(Data extracted from a collection)
++++++
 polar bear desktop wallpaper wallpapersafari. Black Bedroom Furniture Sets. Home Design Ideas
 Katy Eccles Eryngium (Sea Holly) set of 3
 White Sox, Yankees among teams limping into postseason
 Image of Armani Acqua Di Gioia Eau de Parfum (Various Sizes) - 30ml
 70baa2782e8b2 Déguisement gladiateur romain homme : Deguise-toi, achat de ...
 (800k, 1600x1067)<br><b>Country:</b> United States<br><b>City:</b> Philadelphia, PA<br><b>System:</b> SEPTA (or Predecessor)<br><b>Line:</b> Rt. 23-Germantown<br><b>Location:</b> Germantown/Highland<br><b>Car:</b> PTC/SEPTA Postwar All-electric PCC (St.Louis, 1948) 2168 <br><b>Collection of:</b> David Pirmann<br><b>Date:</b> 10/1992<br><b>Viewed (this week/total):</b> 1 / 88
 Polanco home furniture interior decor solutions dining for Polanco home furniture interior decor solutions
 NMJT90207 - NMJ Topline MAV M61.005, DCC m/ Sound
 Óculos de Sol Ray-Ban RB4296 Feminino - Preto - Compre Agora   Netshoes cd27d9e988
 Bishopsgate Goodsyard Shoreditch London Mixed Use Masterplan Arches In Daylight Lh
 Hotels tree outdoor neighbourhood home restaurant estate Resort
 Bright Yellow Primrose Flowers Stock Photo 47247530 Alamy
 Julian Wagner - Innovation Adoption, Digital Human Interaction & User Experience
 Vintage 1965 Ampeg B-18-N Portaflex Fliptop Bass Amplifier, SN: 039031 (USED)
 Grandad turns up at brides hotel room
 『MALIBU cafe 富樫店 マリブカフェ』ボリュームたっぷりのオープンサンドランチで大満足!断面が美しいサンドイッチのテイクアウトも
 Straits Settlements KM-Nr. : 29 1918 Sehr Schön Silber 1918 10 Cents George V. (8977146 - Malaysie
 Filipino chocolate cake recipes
++++++
Work to be completed
What is asked for is an exact copy of the lines above from the one containing "(800k, 1600x1067)<br><b>Country:</b> United" through the one containing "NMJT90207 - NMJ", and only those.

Solution
 (800k, 1600x1067)<br><b>Country:</b> United States<br><b>City:</b> Philadelphia, PA<br><b>System:</b> SEPTA (or Predecessor)<br><b>Line:</b> Rt. 23-Germantown<br><b>Location:</b> Germantown/Highland<br><b>Car:</b> PTC/SEPTA Postwar All-electric PCC (St.Louis, 1948) 2168 <br><b>Collection of:</b> David Pirmann<br><b>Date:</b> 10/1992<br><b>Viewed (this week/total):</b> 1 / 88
 Polanco home furniture interior decor solutions dining for Polanco home furniture interior decor solutions
 NMJT90207 - NMJ Topline MAV M61.005, DCC m/ Sound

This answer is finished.